For many kids, boredom is their default setting. For me, worry has often been a default setting and so this week the word "instead" has featured highly. In part one, we looked at our worry triggers, and this week we're starting to consider whether we have a choice to do something else instead when we are tempted to worry.


I've seen lots of things on Facebook recently about how people only show the highlights of their lives. I've been guilty of that this week. I found out I have a partial scholarship to complete a theology degree, and I was so excited to share my good news on facebook. I didn't share that most of the week has been pretty rubbish.

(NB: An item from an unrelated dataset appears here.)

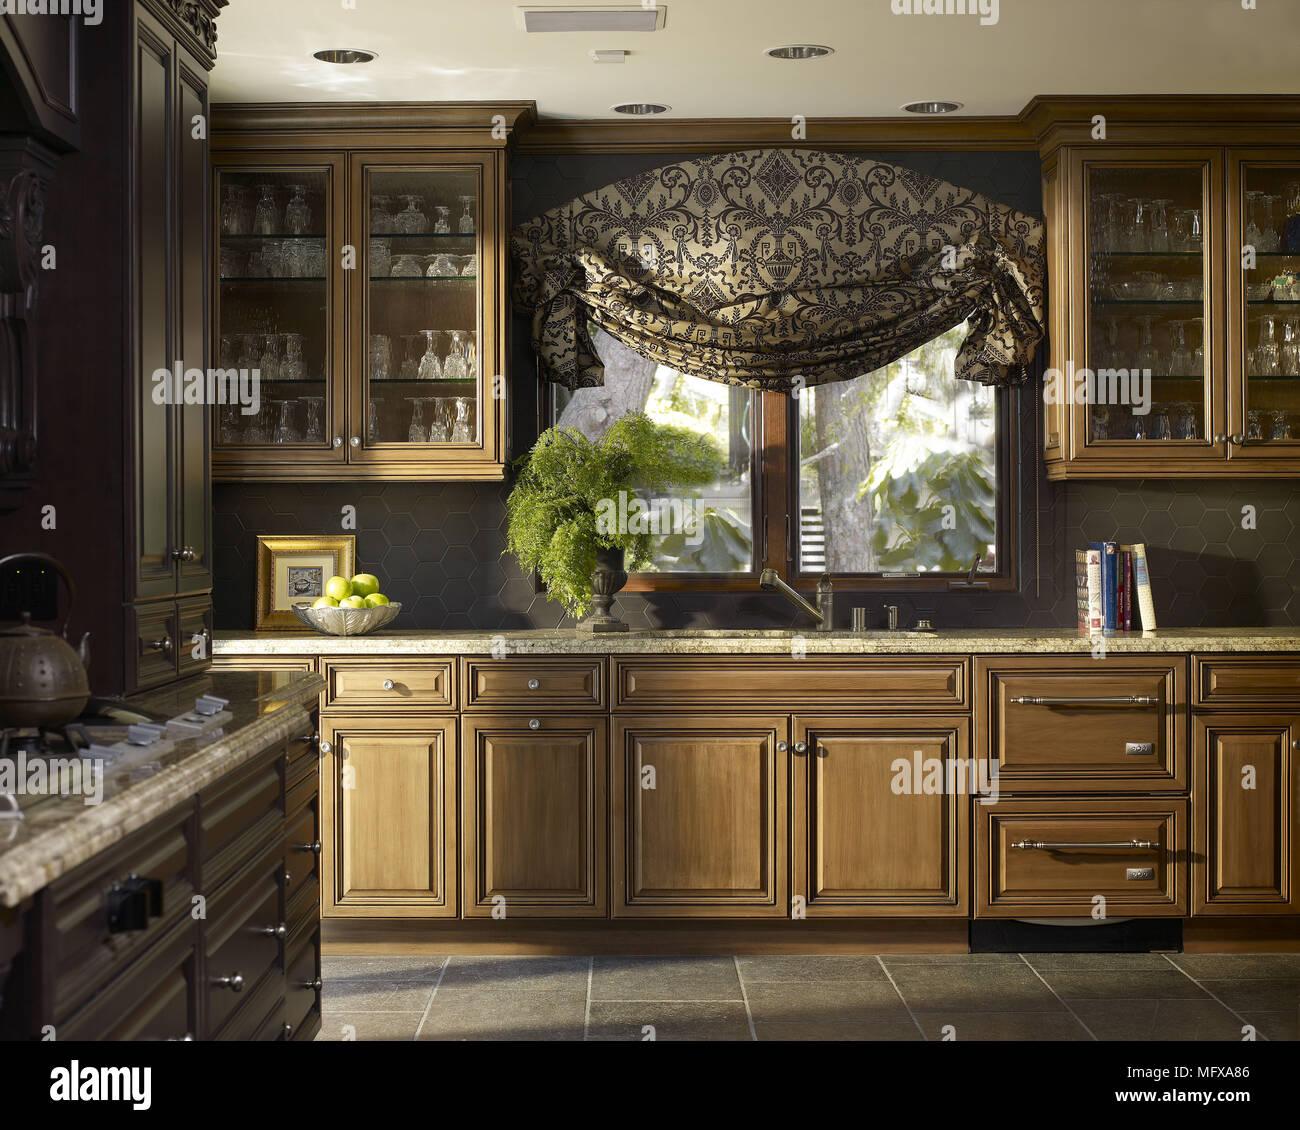 Großartig Interior Design Für Küche Indischen Stil Fotos ...
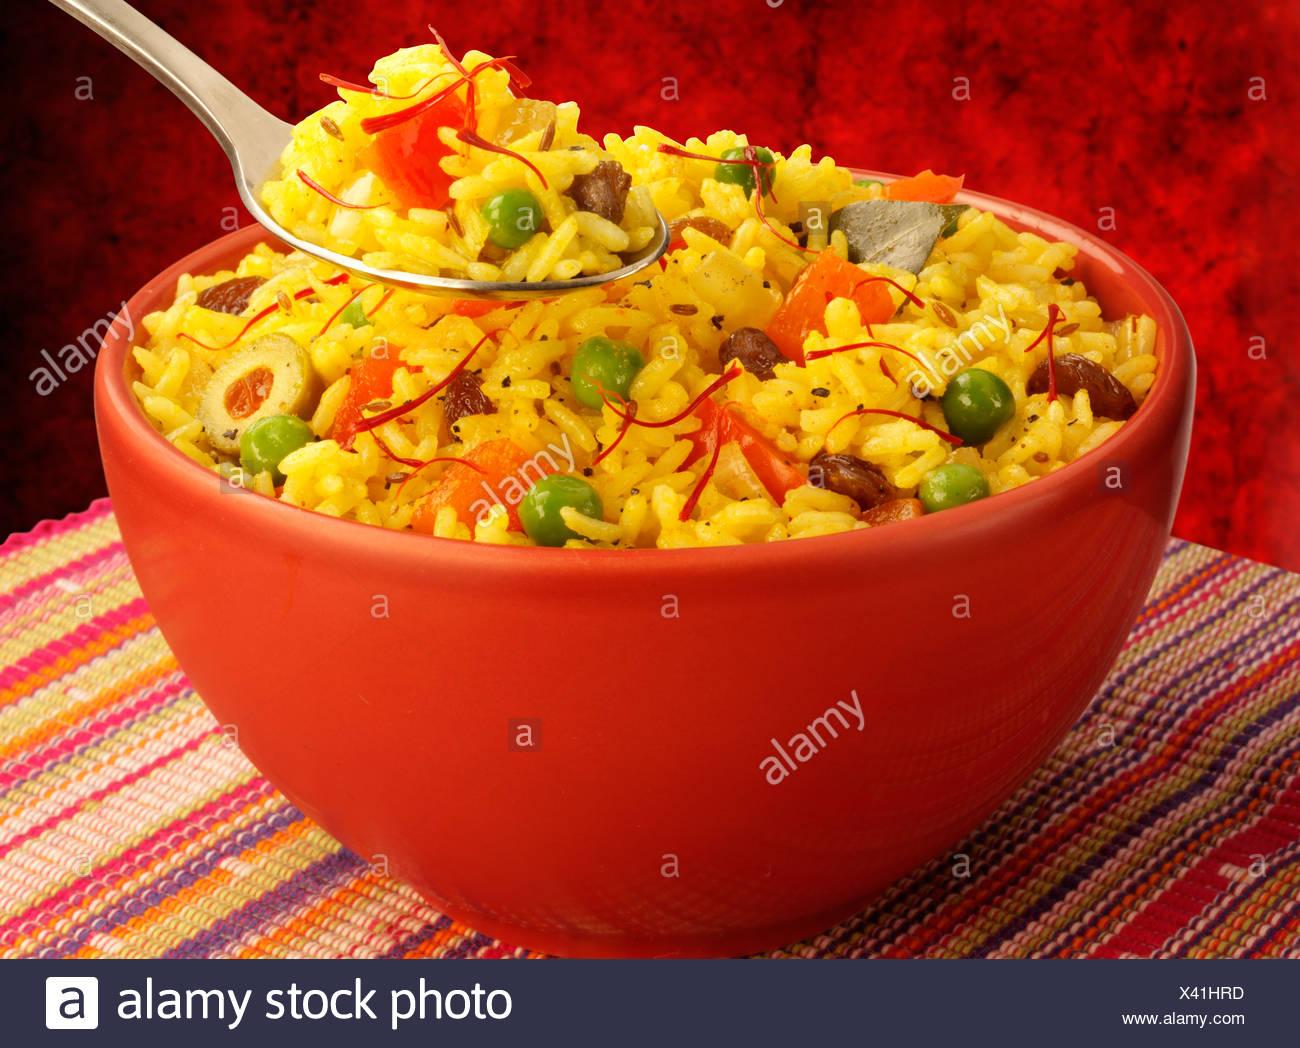 how to make spanish paella rice

Since my early twenties, I've been ill a lot. I'm incredibly grateful that it's never been anything life-threatening, but it's certainly affected my quality of life. It's been put down to stress, being "run down" and a whole host of other things including dietary issues and mental health issues. I've had every test, tried every diet, and done everything the health professionals have asked of me, and nothing has made a significant difference. Over time I bought into the narrative that I was making a fuss, that I was weak and on many occasions, I kept quiet when I felt at my worst to avoid the hypochondriac label. Over the summer, I finally received a diagnosis, based on a test that showed without a shadow of a doubt that all my health complaints were legitimate. The relief was overwhelming. I was warned that the month's course of medication would make me feel all the worst symptoms of my illness, but I decided I would push through anyway. 


I'm now two weeks into the tablets, and it's been very unpleasant! I've also had to battle with the same old narrative. I've played down the impact of the medication as I was worried people would think it was yet another one of my many illnesses. When I feel like this, it's so easy for me to start on a downward spiral, but this week the word "instead" has come back to me repeatedly. By reflecting on my worries last week, I recognised that when it comes to feeling ill, I still need the validation of others to confirm that what I feel is legitimate. This isn't helpful for me, so why don't I do something else instead? This week I have battled to make different choices whenever the old feelings have returned. I haven't succeeded every time, but I have chosen to turn off the old programme running in my mind and decided to do something else instead!


As you look at your list of worry triggers, which one do you particularly want to focus on? 


Over the next few parts of this blog, we'll explore more about what Paul suggests we should do instead of worrying. For now, recognising that a behaviour needs to stop and that we have a choice to do something instead is a big step forward.


Don't be anxious about things; instead, pray. Pray about everything. He longs to hear your requests, so talk to God about your needs and be thankful for what has come. And know that the peace of God (a peace that is beyond any and all of our human understanding) will stand watch over your hearts and minds in Jesus, the Anointed One.